- TASK ITEM: Give back exactly the lines of the material below, starting with the line with "Heavy rains have" and going on through the line with "Blurred view of".

- EXERCISE MATERIALS:
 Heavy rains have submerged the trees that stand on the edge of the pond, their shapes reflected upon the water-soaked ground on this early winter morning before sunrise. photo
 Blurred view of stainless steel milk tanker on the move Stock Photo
* * *
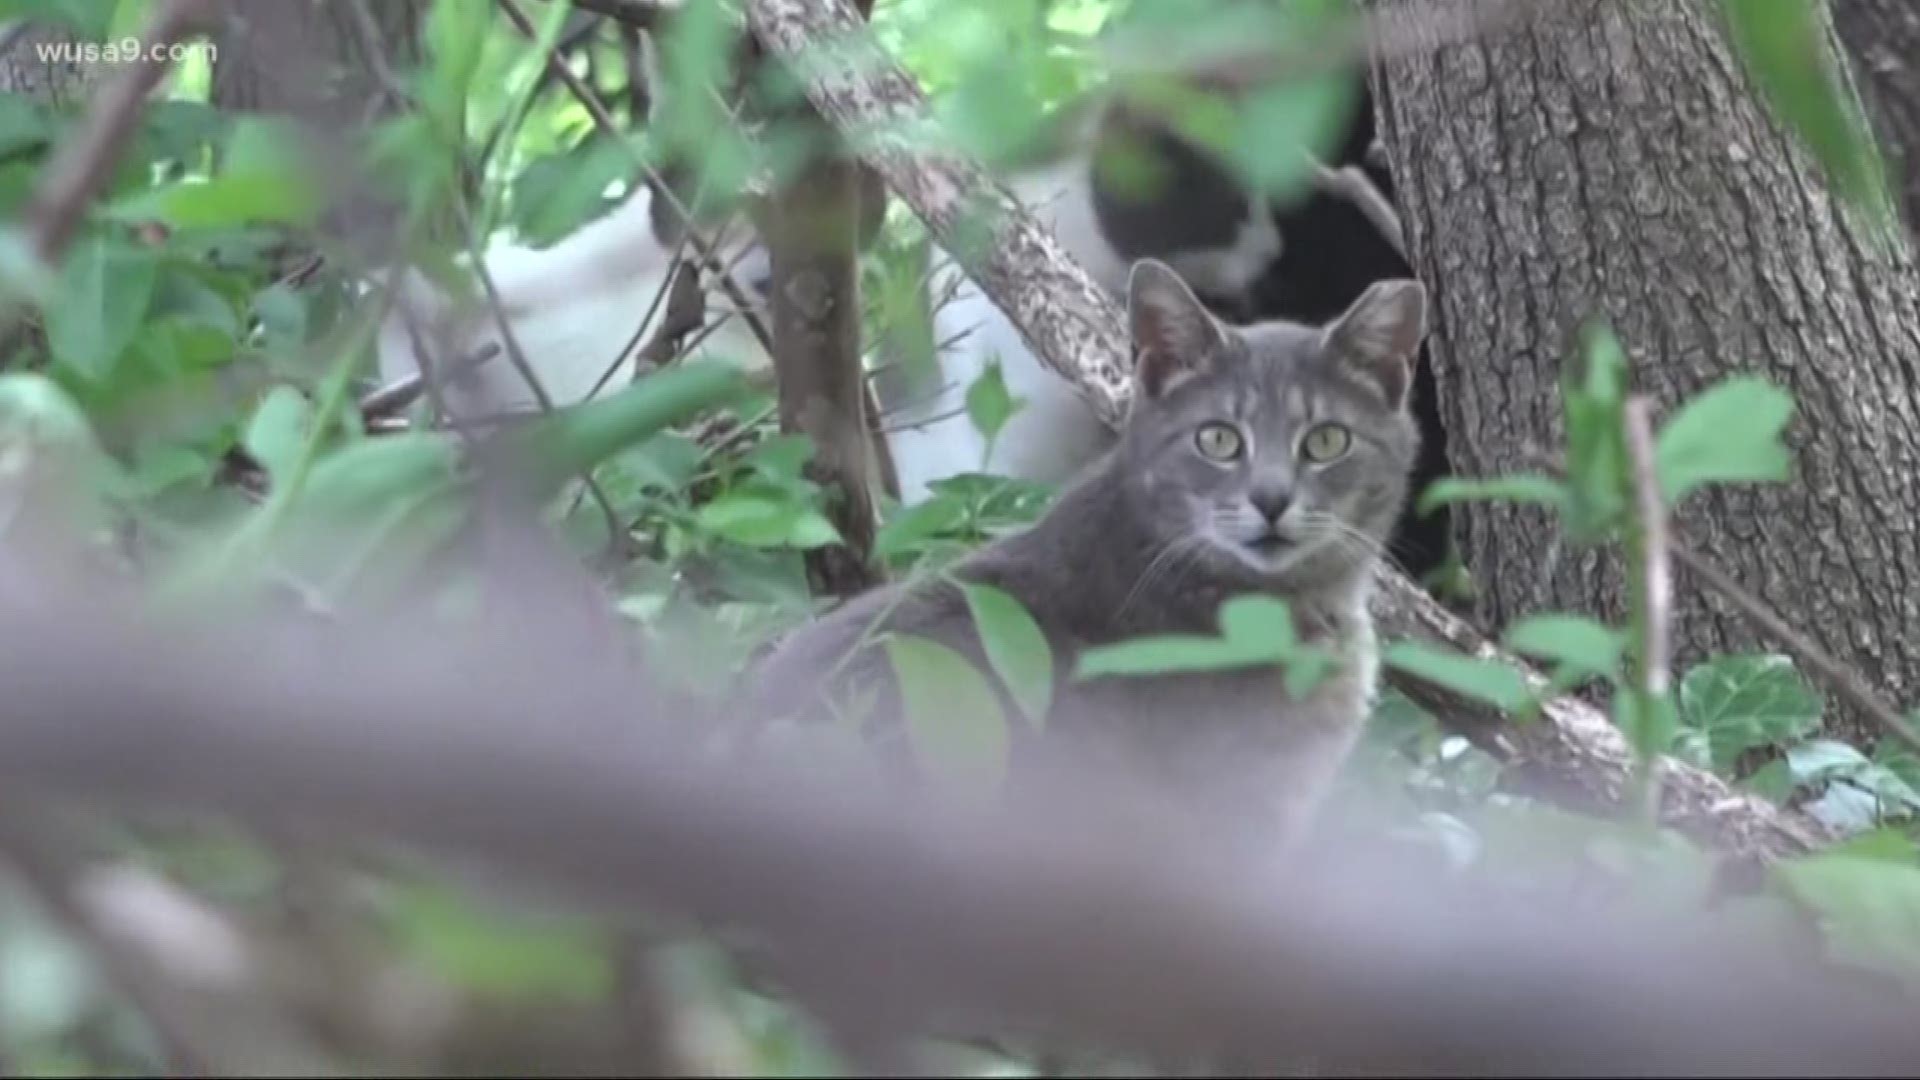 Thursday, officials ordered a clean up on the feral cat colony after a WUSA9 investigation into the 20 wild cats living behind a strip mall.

- RESULT:
 Heavy rains have submerged the trees that stand on the edge of the pond, their shapes reflected upon the water-soaked ground on this early winter morning before sunrise. photo
 Blurred view of stainless steel milk tanker on the move Stock Photo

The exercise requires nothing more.